More amenities lure more millennials east of the Anacostia River. The new local amenities have cause frustration to surface among long time Black residents. There is the "it's not for us" and "beyond my budget" resentment. They see the new amenities as additional proof that their communities are terrible because they are blacks and don't deserve any better than the glut of liquor stores, fast food joints, predator lenders, corner grocers, barber shops and hair salons.There in Southeast Washington also exist poor living conditions, such as the high unemployment rates, poor housing conditions, police profiling and schools that are under funded. 
Out on the Town, Southeast Washington, DC, 2017. © Joseph Young

As millennials move east of the Anacostia River by stealth (really quiet), drawn by cheap real estate in this black working-class community, amenities have followed to cater to them, like restaurants and galleries.

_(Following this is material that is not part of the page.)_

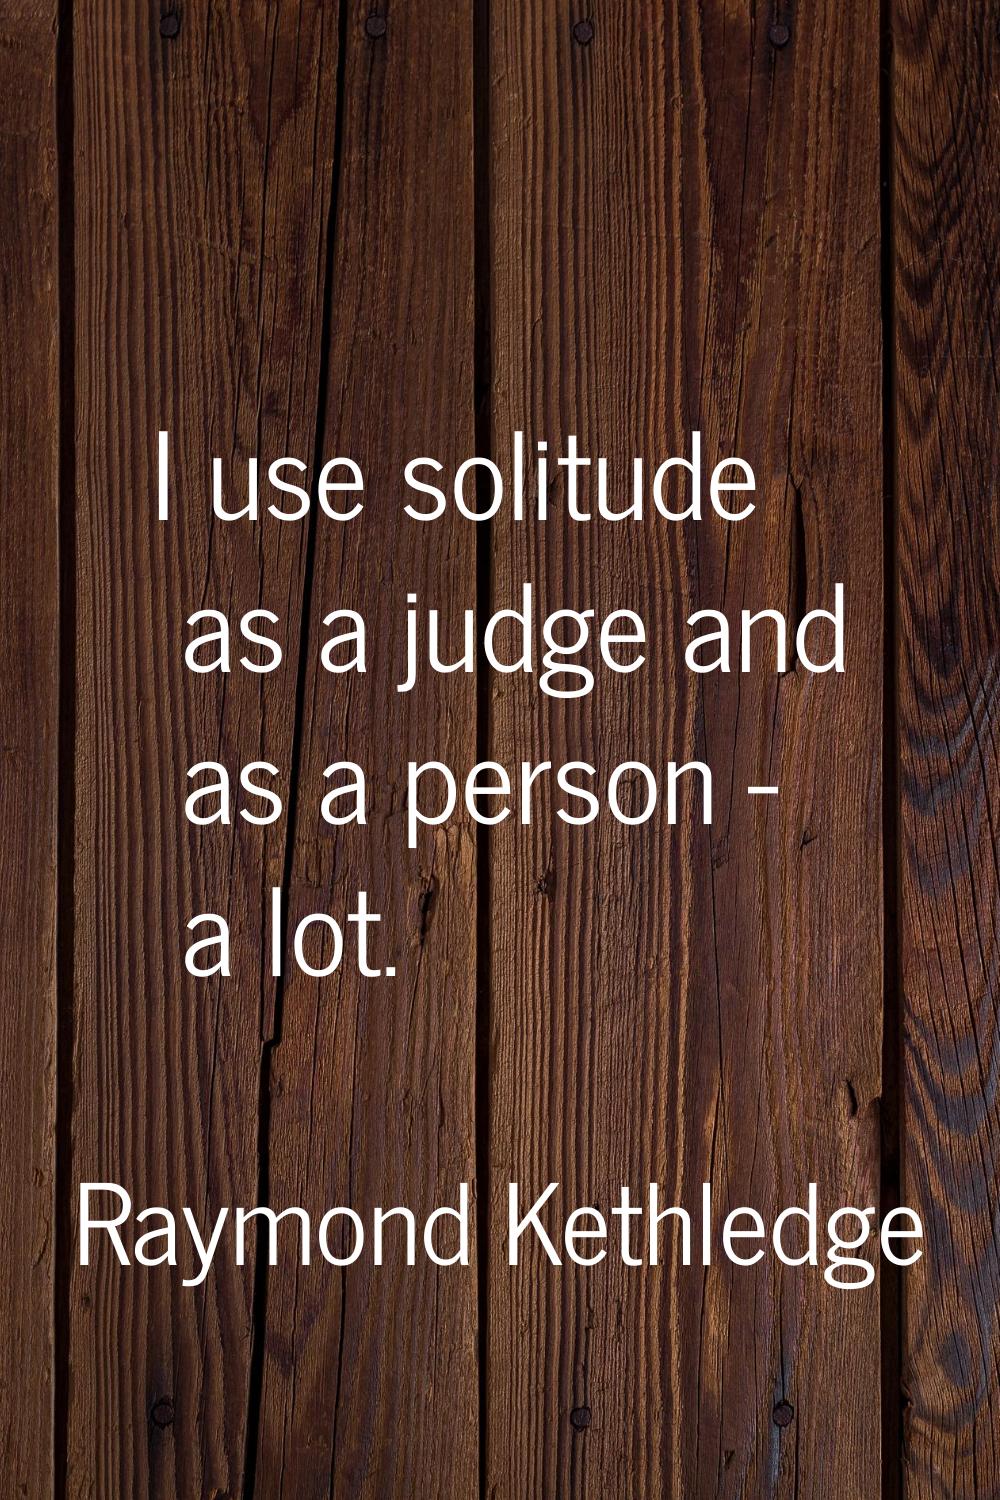 I use solitude as a judge and as a person - a lot.

The arts are also meant to "tame" the natives and lay the ground work for reinvestment in this once disinvested cityscape. (The only time our children are cheered is when they are running a ball up and down the court or singing and dancing.)
This image depicts a gathering of an in-cohesive group of Blacks and whites at the Anacostia Arts Center on Good Hope Road. This does not mean that they wouldn't come together or there is no friction.  It means that gentrification divides people into camps of winners and losers, whites and Blacks.

Segregation on Sunday Morning, Southeast Washington, DC, 2017. © Joseph Young

Inner-city Black churches are being repurposed or bulldozed and turned into upscale condominium developments. Black pastors are worried about the Black churches' future as they witness closing after closing, like the 106-year-old historic African American Church in Georgetown, Alexander Memorial Church, Faith Baptist Church on Capital Hill and Mt. Joy Baptist Church in Southeast. An institution once immune from changes in the community, the Black church is witnessing dwindling attendance in areas where Black people are being force out and gentrification takes hold. 
This also includes the Black middle-class who is being forced out of Washington in droves. In the last 10 years, more than 40,000 black residents have been forced out of DC because they can not afford the rents. That's ironic because some among the very poor are staying put. The District of Columbia Housing Authority (DCHA) provides public housing for more than 50,000 people who earn 30% of the area median income and below, says Adrianne Todman, former executive director of DCHA. (Well, even an affluent Washington, DC will need some low-wage earners to perform its menial task.) 
Seventy thousand more are on the waiting list for pubic housing. They qualify to  receive public housing or rental assistance if the Department of Housing and Urban Development (HUD) was not underfunding housing programs. With the skyrocketing rental markets the working poor are at risk of falling into homelessness. Yet, both the FHA and HUD are backing luxury housing developments throughout Washington, DC for the "pioneers." The focus of city government on affordable housing for low-income earners has taken a turn. Now the city subsidize workforce development housing. In addition, the District last lost 50% of its low-come housing in the past decade. 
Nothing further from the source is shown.